We have all heard old things referred to as "old as the hills." If it were said "old as the hills of Maine," it would signify that the thing was very old indeed!

Much of what is now our State became solid rock and cliff and mountain in the Cambrian and Lower Silurian periods. When we look at its gray old ledges of slate and shale and the volcanic rocks which were pushed up through this first layer from the heated masses beneath, we are impressed most of all with the great age of these rocks.

Much of the soil, loose boulders and pebbles, was brought here later by the great sheet of ice which moved over this part of our continent forming the newer soil of our State. Then, little by little, living things appeared, which have left their fossil or petrified forms in some of the rocks.

To the eyes of scientists, these fossils tell the history of millions of years, and from them and the rocks, in which they are found, is read a wonderful story.

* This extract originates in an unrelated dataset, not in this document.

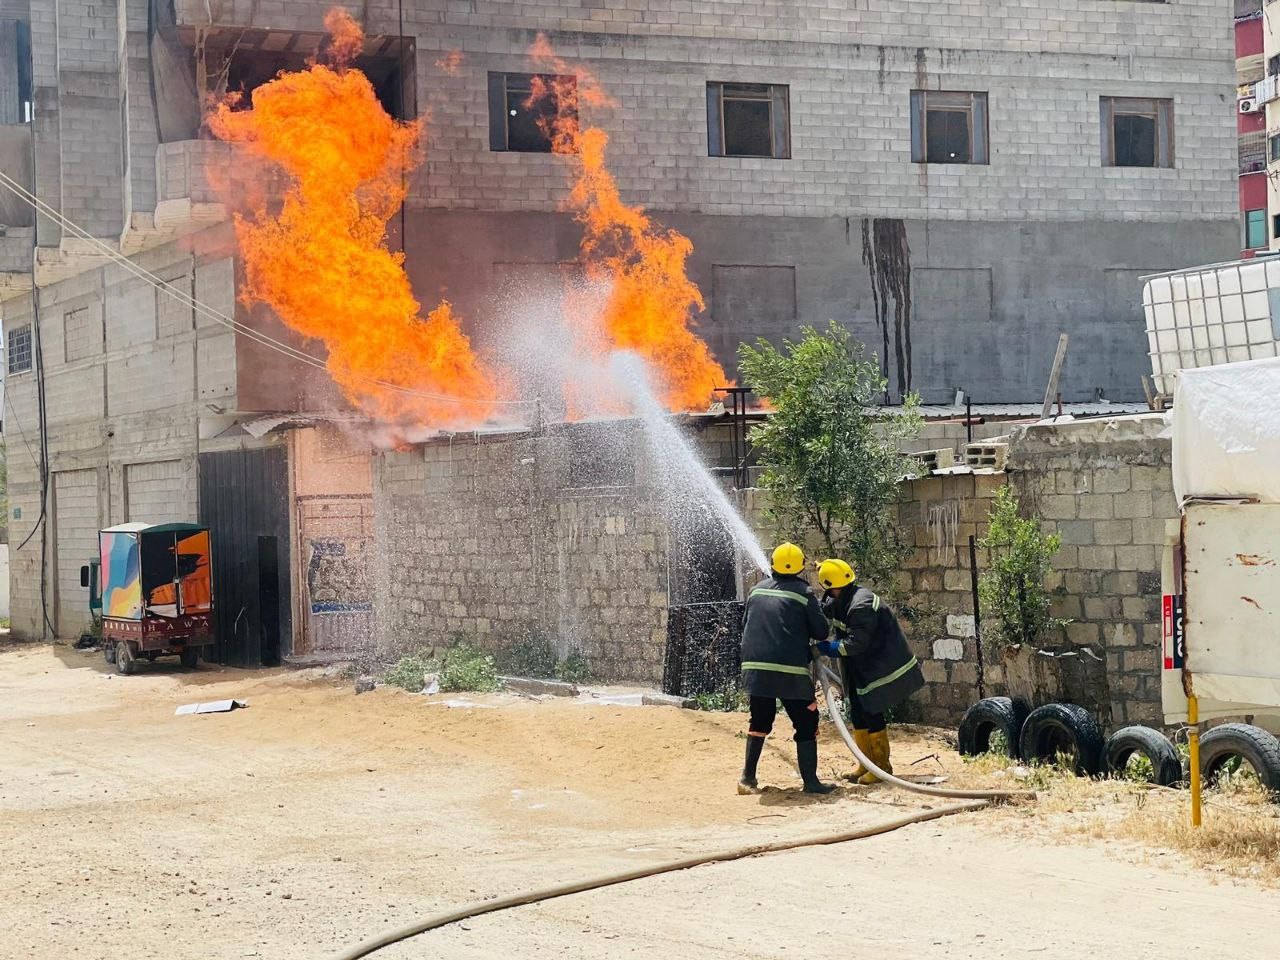 طقم الإطفاء بمديرية الدفاع المدني تتمكن من السيطرة على حريق نشب في نقطة عشوائية لتعبئة الغاز بين المنازل السكنية قرب شارع الصناعة بمدينة غزة.jpg
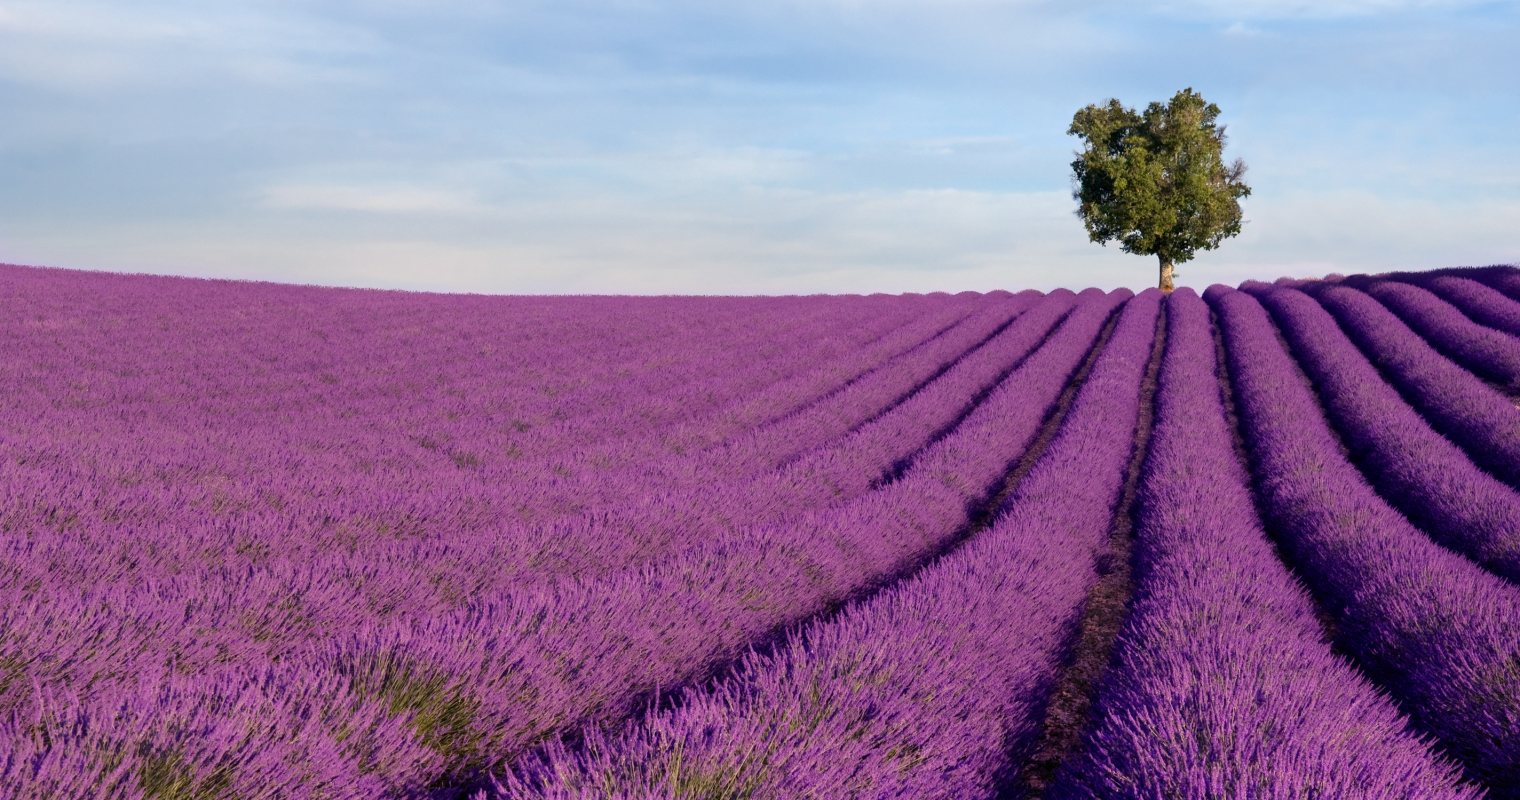 Hoa Lavender (còn gọi là hoa oải hương) cực kỳ nổi tiếng ở miền Nam nước Pháp

Slowly life increased and developed, until the sea had its multitudes of plant and animal forms, and on the land first simple little plants grew; then higher and more varied forms. Animal life gradually appeared on the land, developed and increased, until myriads of live things had home here.

For many years there were no human inhabitants. The birds sang as sweetly as now, while the animals of field and forest loved and enjoyed this land, smiling in the sunshine and greenness of summer, or glittering with the frosts and snows of winter.

As History is the story of mankind upon the earth, it cannot begin until man has appeared. We do not know when or how the first people came, but after long ages there were fierce warring tribes in various parts of the continent and they began to visit our beautiful streams and rugged shores.

Deposits of shells of this prehistoric age, on the beaches, with spots of charcoal here and there, show that fire was known and used by these savages who roasted and ate the shell-fish. Among the shell heaps are found rude weapons of stone and human bones, charred and cracked for the marrow, showing that these people were cannibals, eating their enemies or prisoners of war, like the fiercest African savages or some of the South Sea Islanders.

Above this deepest layer of shells is a layer of mold, showing that these fierce cannibal tribes had wandered away, perhaps had come only in great war parties for a season and without bringing their families or making homes here.
The layer of earth shows that many years had elapsed before other tribes came, finding these same favored spots, the most remarkable being on some beaches between the lower Kennebec and the Penobscot Rivers. These newer people began also to live upon the shell fish and game of the region, making other shell heaps, among which are found weapons and ornaments of better and more skillful designs. The charcoal and bones of later fires are found there, but no charred human bones, cracked by cannibals in their horrid feasts. These people no longer ate human flesh and were no longer mere untaught savages.

The Indians found by the whites dwelling within the confines of Maine, the Norridgewocks (or Abnakis), Penobscots (or Tarratines), Passamaquoddy and Malecite tribes, all have traditions of a great hero who taught them much, gave them abundant food, cleared their streams and paths for them and was good even to all the animals of the forest, to the birds and the fishes.

He is known as "Clote Scarp" among the Male-cites, as "Klas Kom Beth,'' among the Penobscots and an old Penobscot Indian gave me yet another name and version told him by a descendant of the Norridgewocks, the tribe whose remnants fled, some to Canada and some to the Penobscot tribe, when the English attacked and destroyed Norridgewock in 1724.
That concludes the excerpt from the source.